MUCH better on the power changes now that I finally got some time in "cruise" setting up for the stalls and slow flight and what not, to see how the power behaves. I also see now why I was overshooting on power changes, it's the turbos. If you push to where you think you need them and then divert attention away from the MP, they climb a bit more after that, both engines. My 182 obviously doesn't do that, so it's a side effect of having not flown fixed wastegate turbos before. No that I know to watch longer, power settings are right where I want them.

Short field takeoffs are fun. Hold brakes and shove up the throttles to 34" (they'll climb a bit after that) and release and off you go. Any of you t-tail Piper pilots have any tips for getting a smooth rotation out of the darn thing at 70 knots? That tail goes from not doing crap to flying "right now" and I'm not over-rotating but it feels "poppy" to me. Nose pops up and you hold it and wait for airspeed to catch up. Very odd sensation compared to the Cessna that'll essentially just fly off with a little up trim. I badly want to push forward when it pops off like that but I've been told not to and I haven't yet. Ha.
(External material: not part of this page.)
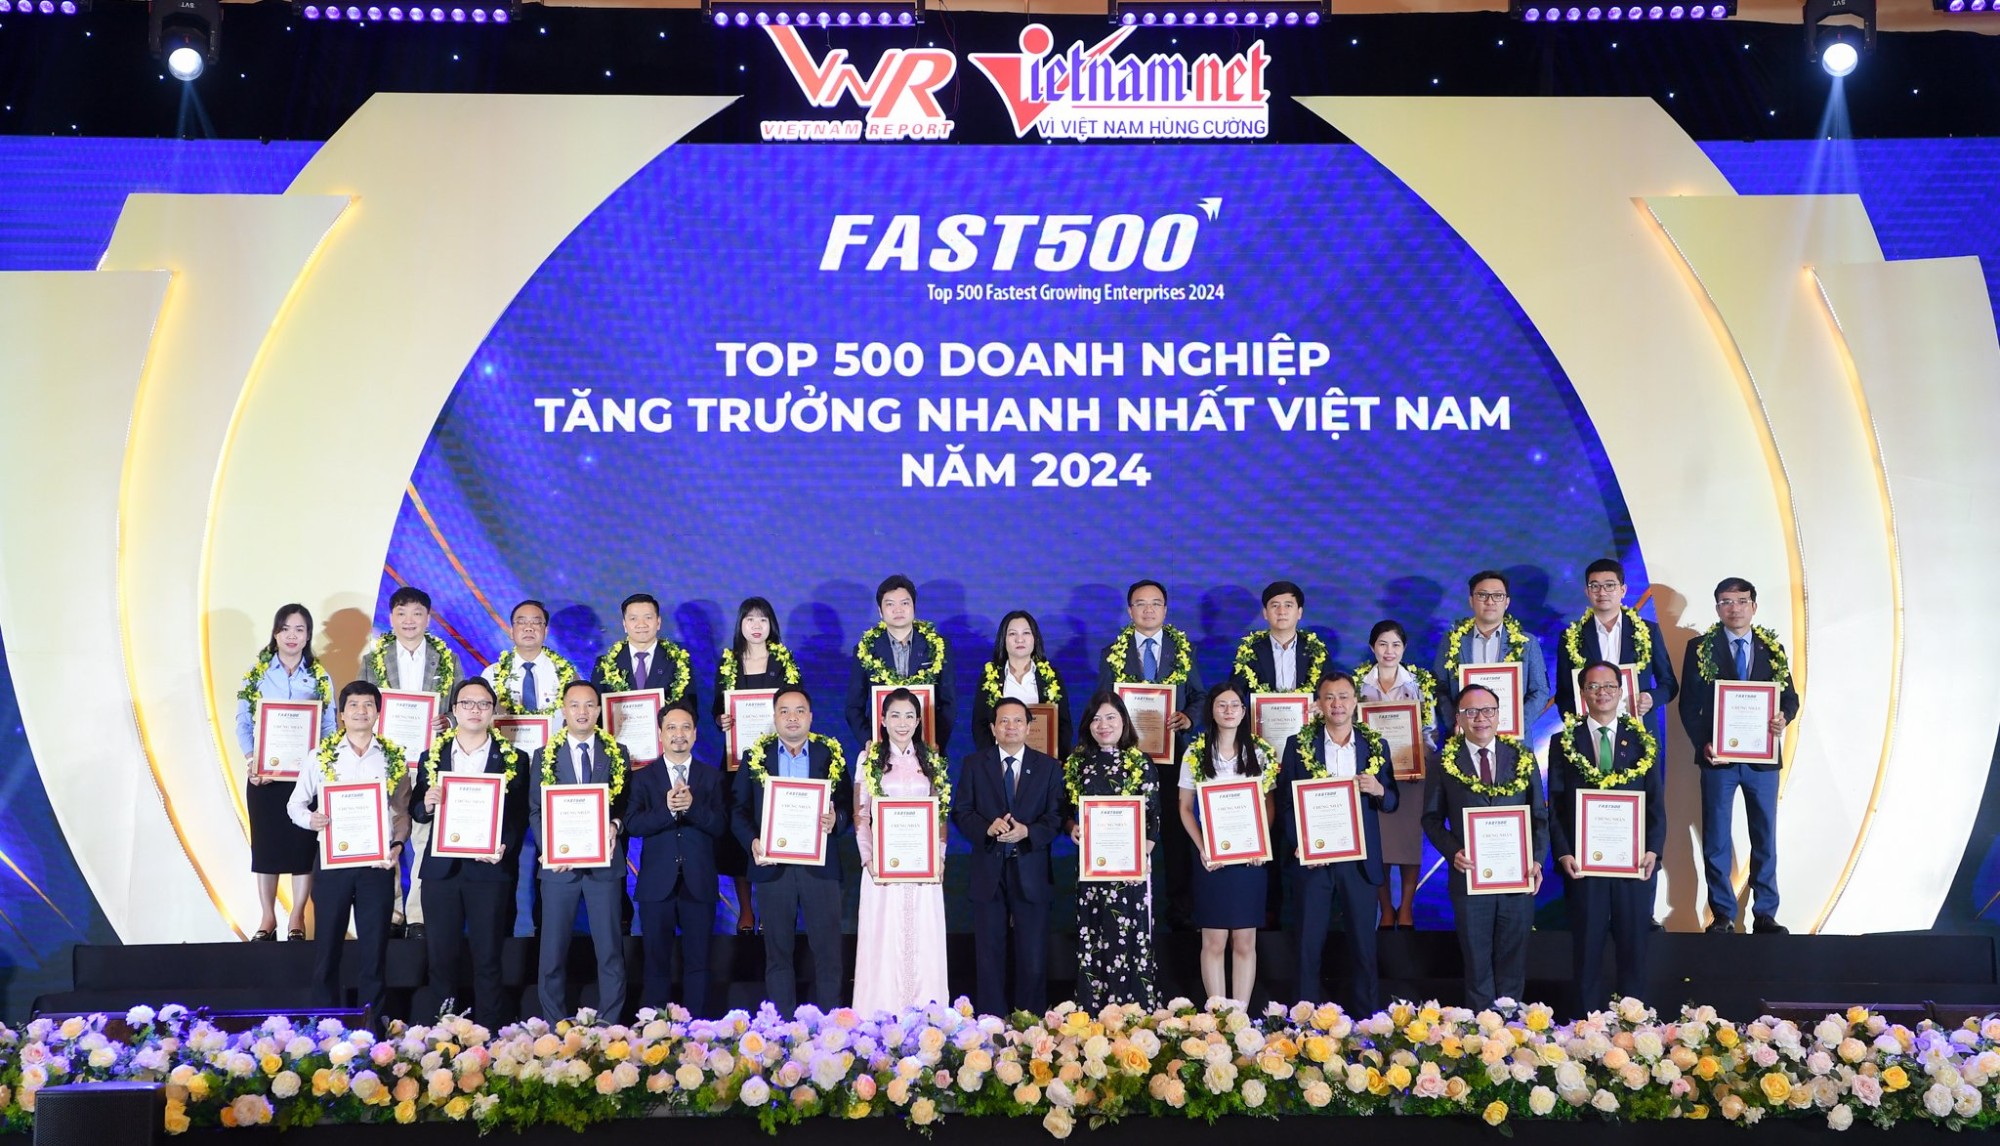 Lễ công bố “Top 500 doanh nghiệp tăng trưởng nhanh nhất Việt Nam” đã được tổ chức thành công tại Hà Nội vào ngày 24/04/2024

We need to start the long XC (I have a feeling engines are going to fail in cruise hahaha) time to get the 5 hours in and the 5 of night, so tomorrow we'll combine those two. Possible destinations are Amarillo, Santa Fe (it's not 250 technically but you also can't fly direct and apparently no local DPEs give it a hard time) or Rapid City with a return after dark for a couple of night landings and some of the night time.

Having a ball and getting the feel of it now that we could do the high air work. We're really nose heavy and almost out of the envelope forward and that's helping explain why the thing is so hard to pitch up for short fields. I'd love to throw another body in back. Or some lead weights. Haha.

We're banging on the forward CG door real hard. I run out of left arm strength and I'm very not used to having electric trim, so tomorrow I'll be pushing that button in the last 100' more! Need some more left arm strength!

People whine that the 182 is nose heavy... A turbo Seminole with big guys up front and full fuel just makes that last 50' a left arm workout! (I really want to do it one handed to leave the right hand on the throttle quadrant!) Landings are still a little flat, especially with 40 flap. If you pull the power off before touchdown you'd better be ready to grunt and pull hard with your left hand! Much easier to just get slower early and not have to do that. It flies nice and stable at 75 for short fields.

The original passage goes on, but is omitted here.